D’après lui, cette cabale a été orchestrée dans le but de nuire à son ami Dogonendji,

alors pressenti au cours de l’an 2000, en remplacement de Dologuélé à la primature.

Un ami qui mourra quelques années plus tard à l’étranger dans  » des conditions que je ne souhaite pas à mon pire ennemi » poursuit-il. 

Suite à cette affaire, ses relations avec le président Patassé dont il fut un temps le conseiller, se dégradent profondément.

Tombé en disgrâce et sentant son intégrité physique menacée,

il s’exile au Cameroun où il réside jusqu’au coup d’Etat du Général François Bozizé en mars 2003.

Décembre de la même année,

il est de retour au pays, où il sera arrêté manu militari quelques mois plus tard avec son frère Danzoumi Yalo, pourtant réputé proche de François Bozizé, qu’il avait rejoint au maquis un mois plutôt avant la prise de Bangui.

L’ancien exilé rentré au pays dénonce une arrestation arbitraire.

Officiellement, le nouvel homme fort de Bangui la justifie par l’affaire Zongo-Oil.

Officieusement, le général putschiste accuse les frères Yalo de fomenter un coup d’Etat en s’appuyant sur les mercenaires tchadiens qui l’ont porté au pouvoir.  

Résultats des courses ?

Sans aucun procès, Sani Yalo passera au total 5 années derrière les barreaux, dont 2 ans dans une prison militaire à Benzambé, le village natal de François Bozizé.

Un témoin de sa déportation en 2006 exprime de vifs souvenirs : 

« C’était violent ! Les militaires l’ont botté et roué de coups avant de le jeter à l’arrière de leur pick-up. On savait qu’ils partaient pour Bossangoa. J’étais persuadé qu’ils allaient le tuer là-bas. Du temps de Bozizé, ce genre de voyage c’était un aller sans retour. »

Se rappelant cette sombre et éprouvante expérience, l’ancien détenu confie :

« Je pardonne, mais je n’oublie pas. »

Sani Yalo

Redoutable adversaire

Si son entourage le prône comme faiseur de rois, il n’en est pas moins qu’on lui attribue à tort ou à raison, la destruction de bien des carrières. 

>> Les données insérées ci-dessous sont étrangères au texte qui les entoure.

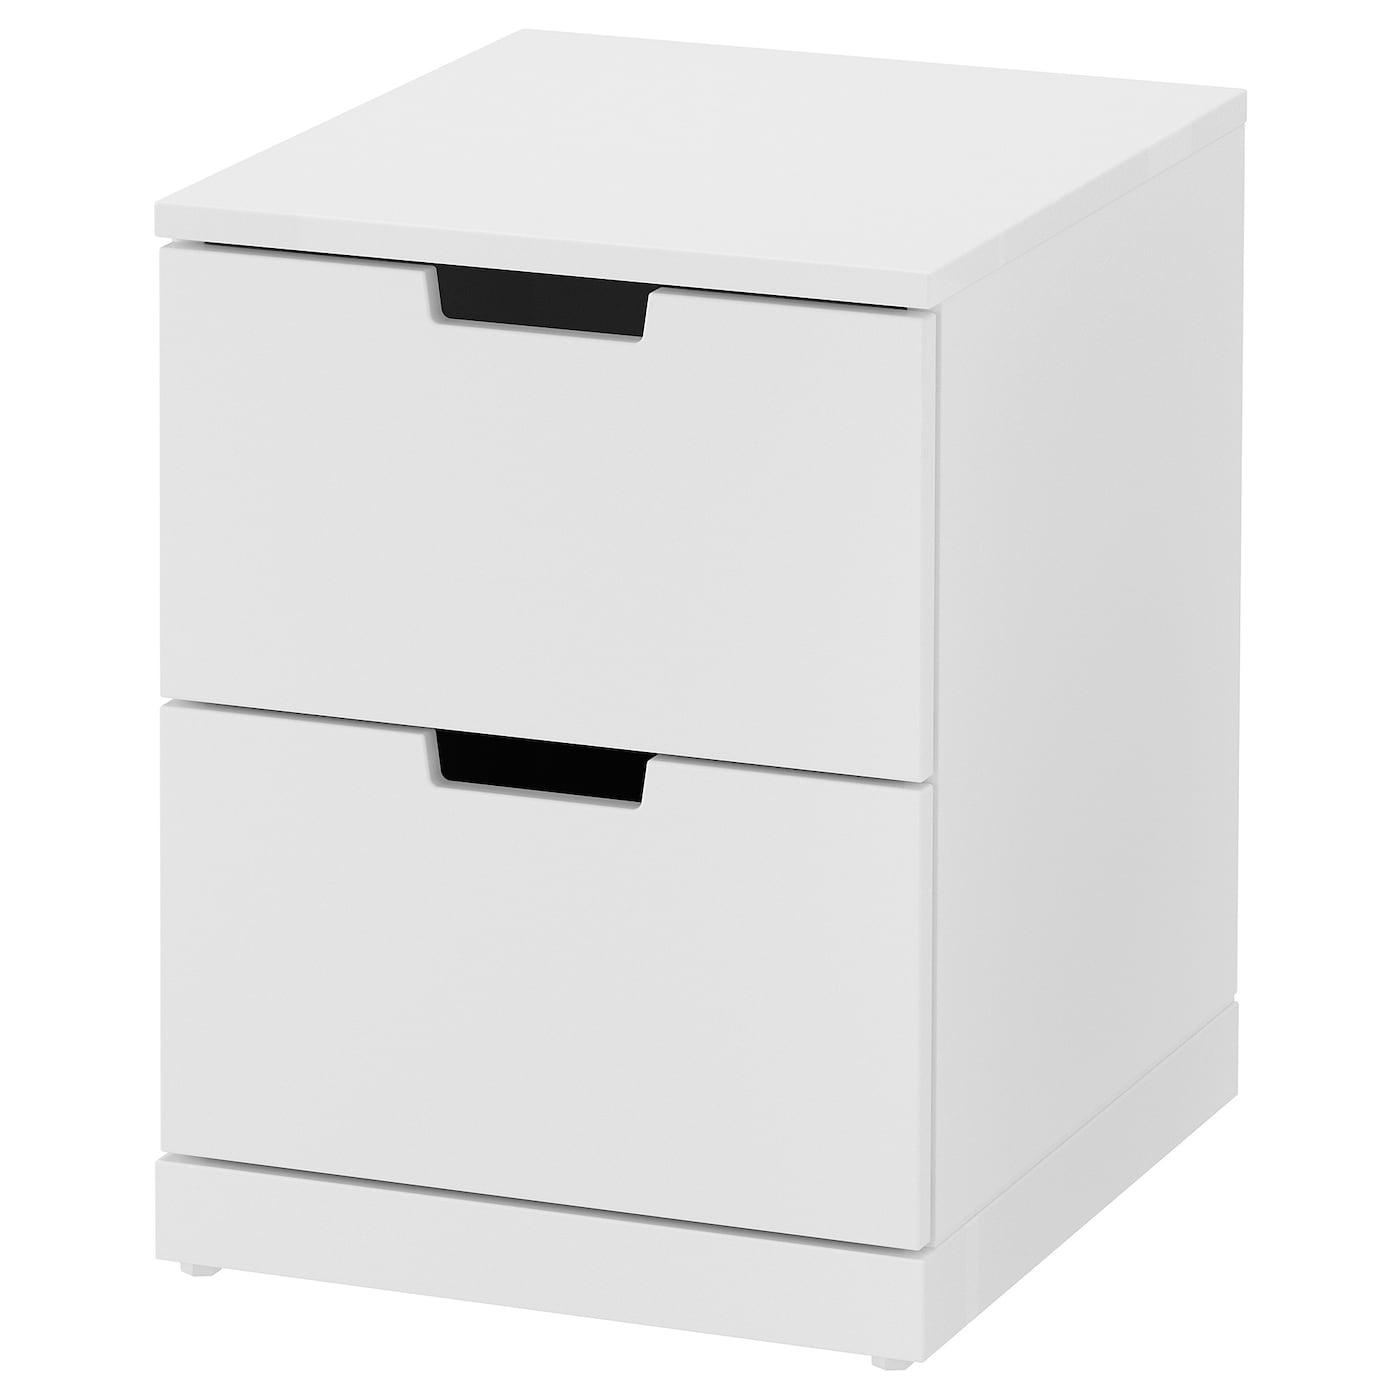 nordli commode 2 tiroirs blanc 40 x 54 cm ikea. Black Bedroom Furniture Sets. Home Design Ideas

Dernières en date : celle de Karim Mecksassoua (KM) et Henri Marie Dondra (HMD).

Nous nous sommes intéressés à la plus récente.

Ephémère Premier ministre (8 mois), Henri Marie Dondra était pendant plusieurs mois à couteaux tirés avec Sani Yalo.

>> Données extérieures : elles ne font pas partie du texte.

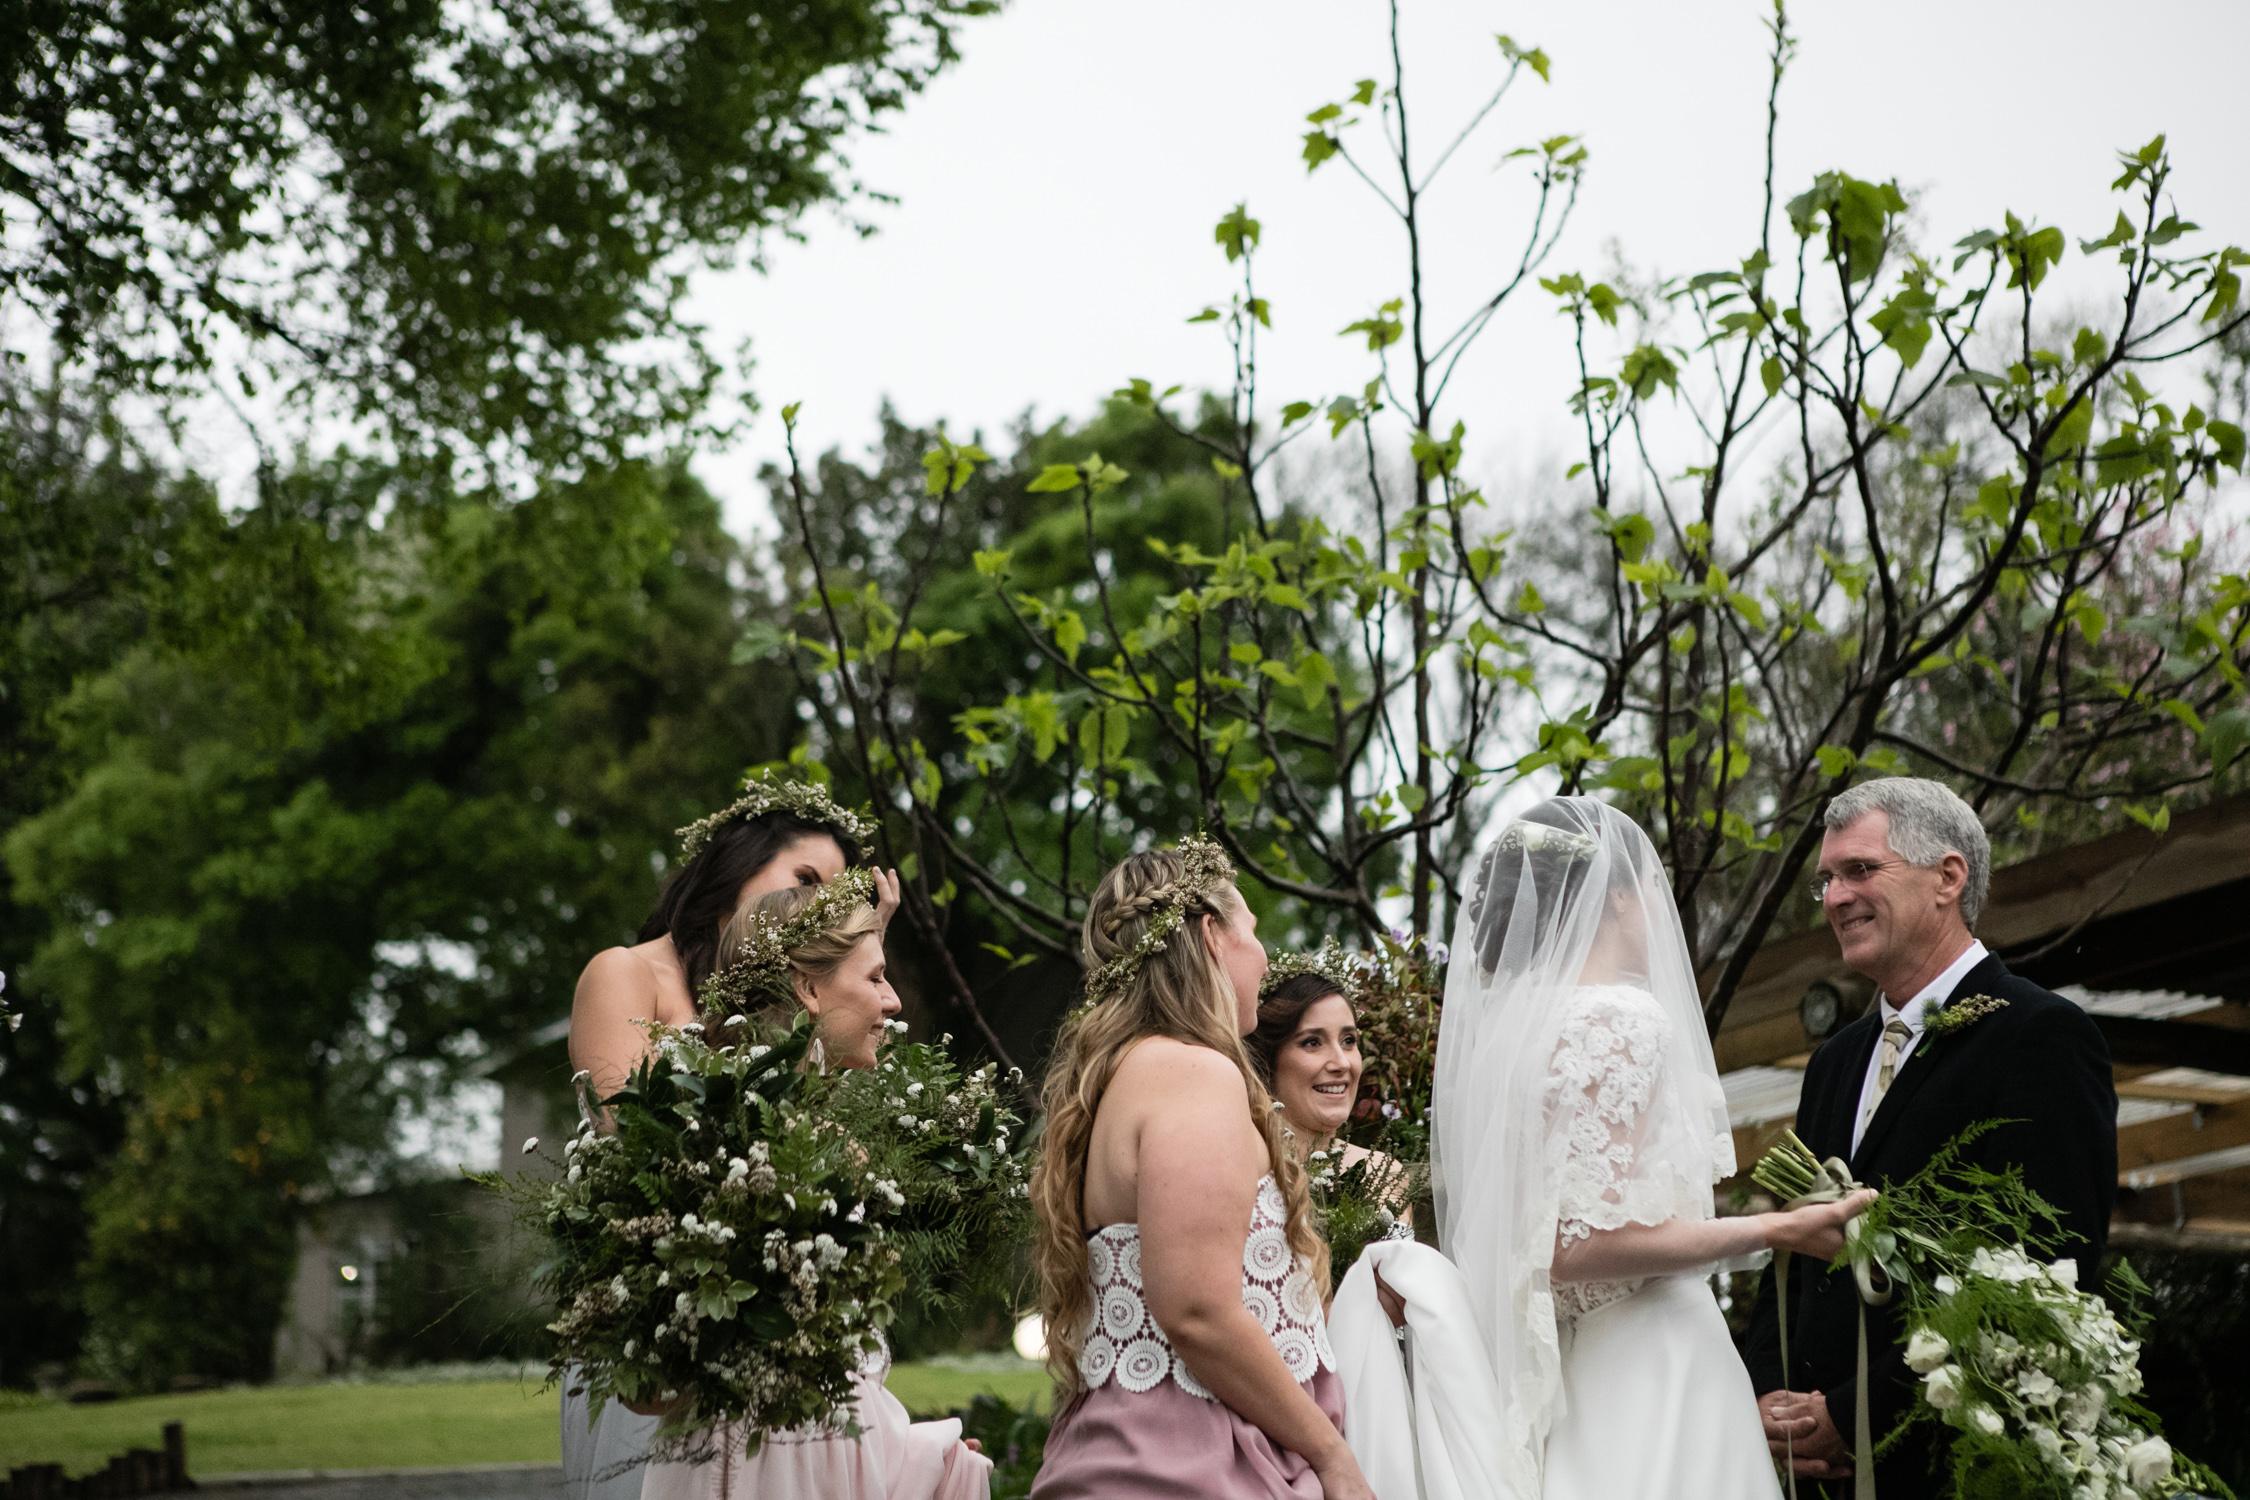 heisvisual-wedding-photographers-documentary-midlands-south-africa037.jpg

Selon un poids lourd de l’opposition, sa chute en serait la conséquence.

« Sani a contribué favorablement à l’accession de Dondra à la primature. Une fois arrivé, ce dernier s’est mis à rouler les mécaniques et cherchait à écraser les gens…Sani Yalo a donc apporté sa contribution, mais dans le sens inverse. La suite de l’histoire, on la connait. »

Si plusieurs habitués des couloirs du Palais de la Renaissance (Présidence) attribuent la chute de l’ancien PM au conseiller spécial de FAT,

il faut reconnaitre qu’au sein du MCU, le parti au pouvoir, les avis divergent sur le sujet.

Un cacique du régime qui jadis avait tenté la carte de l’apaisement entre les deux hommes confie :

«C’est vrai qu’il y avait de fortes tensions entre HMD et Sani. Mais la chute de Dondra est venue de Dondra lui-même. Il s’est fait beaucoup d’ennemis, qui se sont ligués contre lui, et l’ont aidé a scié la branche sur laquelle il était assis. »

A en croire ses proches, combattre celui qu’ils appellent affectueusement « le sultan » est une très mauvaise idée.

Lors d’un de nos entretiens, un de ses fidèles lieutenants aura cette formule :

« Comment ne pas se blesser en tentant de saisir les cornes du petit taureau…Sani est un adversaire redoutable. »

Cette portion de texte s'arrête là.